In the example embodiment of FIG. 7, if the up current lup and the down current ldn are generated concurrently (e.g., simultaneously), a current level of the up current lup and the down current ldn may be reduced using the third switch transistor 420, which may operate in response to the down signal DN, and the fourth switch transistor 425, which may operate in response to the up signal UP. Accordingly, an offset of an output current lch output through an output terminal OUT, which may be a value obtained by subtracting the down current ldn from the up current lup, may be reduced.
In the example embodiment of FIG. 7, the buffer 430 may include an input terminal connected to the output node 450 and an output terminal connected to the internal node 455. The buffer 430, the third switch transistor 420, and the fourth switch transistor 425 may reduce (e.g., minimize) noise generated during the switching operation. For example, the buffer 430, the third switch transistor 420, and the fourth switch transistor 425 may reduce the charge sharing effect, which may occur if the first switch transistor 410 and the second switch transistor 415 perform the switching operation. Because the operation of the charge pump circuit 400 may be substantially the same as that of the charge pump circuit 300 illustrated in FIG. 6, a further detailed description thereof will be omitted for the sake of brevity.

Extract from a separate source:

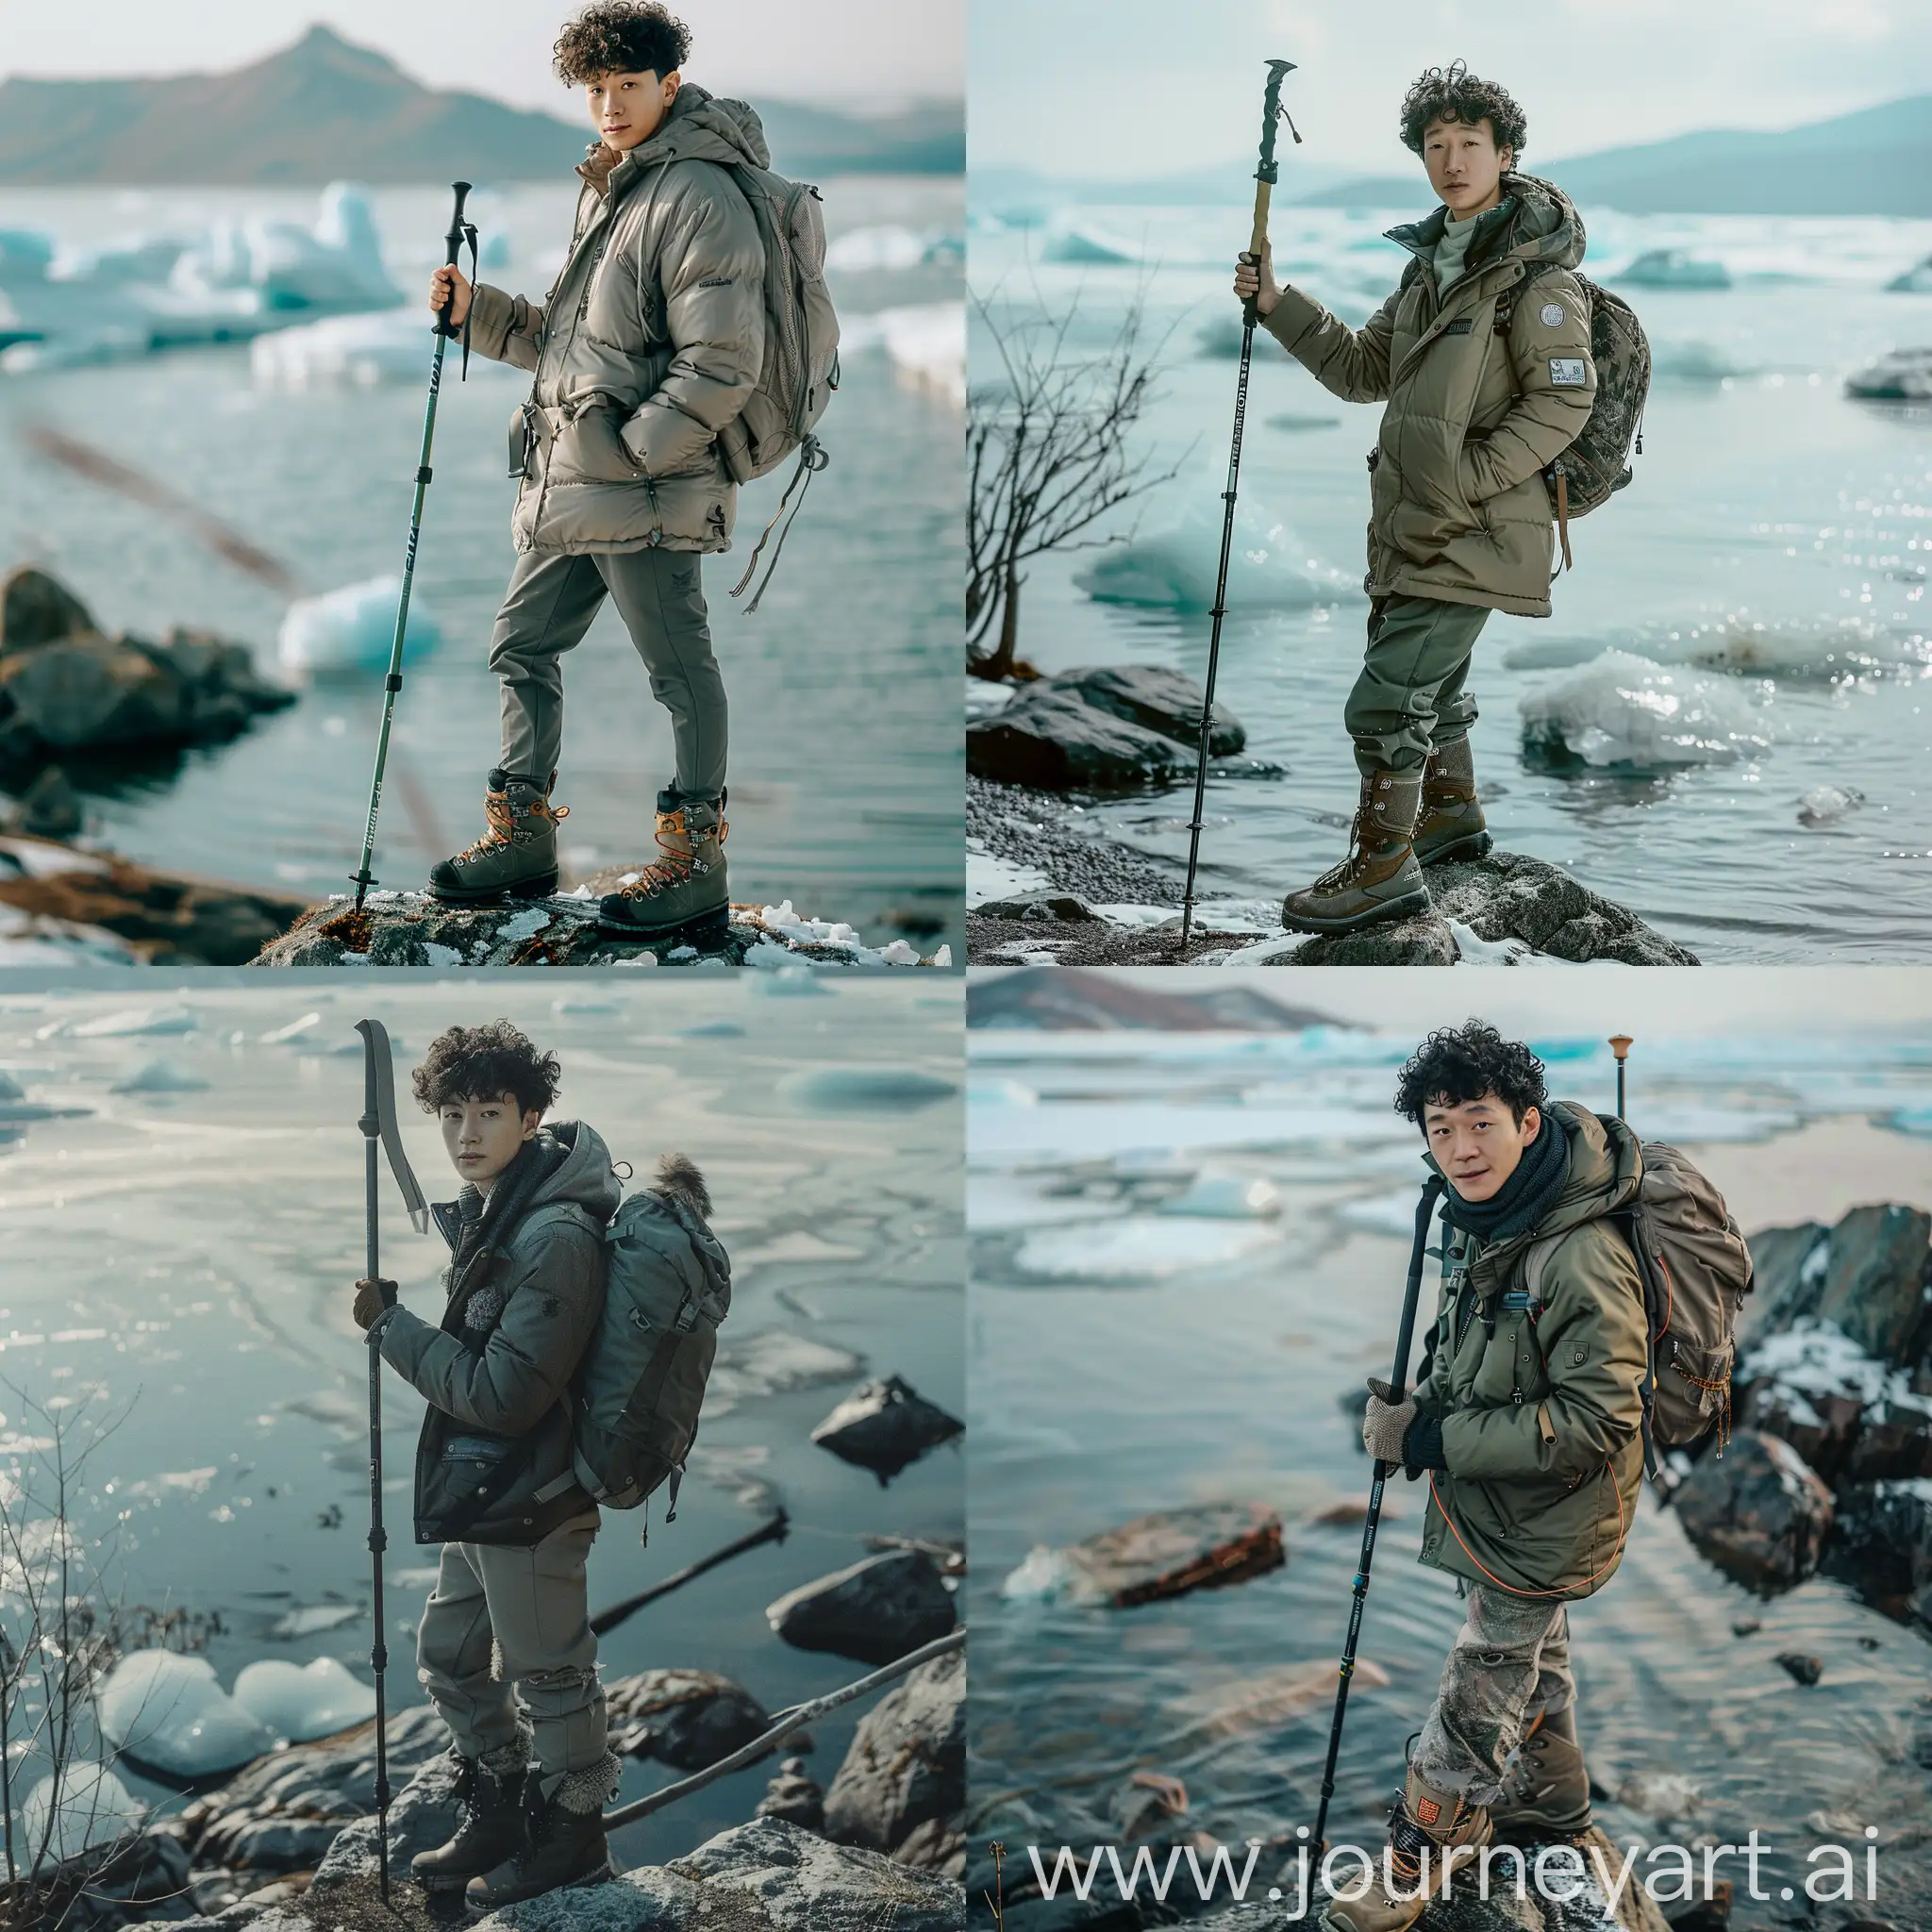 high angle camera, wide shoot photography, a Korean man with short curly hair, wearing a jacket and boots, standing while holding a trekking pole on a rock, standing on a lake, an ice lake in the Siberian region known as "Lake Baikal", calm atmosphere, bokeh background with views of icebergs visible in the distance, tampa pose, advertising shoot, looking at the camera

FIG. 8 is a circuit diagram illustrating a charge pump circuit 500 according to another example embodiment of the present invention. In the example embodiment of FIG. 8, the charge pump circuit 500 may include PMOS transistors 505 and 510 (e.g., configured so as to form a current mirror circuit), first through fourth switch transistors 515, 520, 525 and 530, and first and second current sources 535 and 540 (e.g., constant current sources). An up signal UP and a down signal DN may be input to the charge pump circuit 500. The up signal UP may be generated if a phase of a reference clock signal input to a phase detector included in a PLL circuit or DLL circuit leads that of a feedback clock signal input to the phase detector. The down signal DN may be generated if the phase of the reference clock signal lags behind that of the feedback clock signal.
In the example embodiment of FIG. 8, the first switch transistor 515 may source (e.g., supply) an up current lup to an output node 545 in response to the up signal UP. The up current lup may be provided by the first current source 535 (e.g., having a current level equal to ls). In an example, the first switch transistor 515 may be an NMOS transistor.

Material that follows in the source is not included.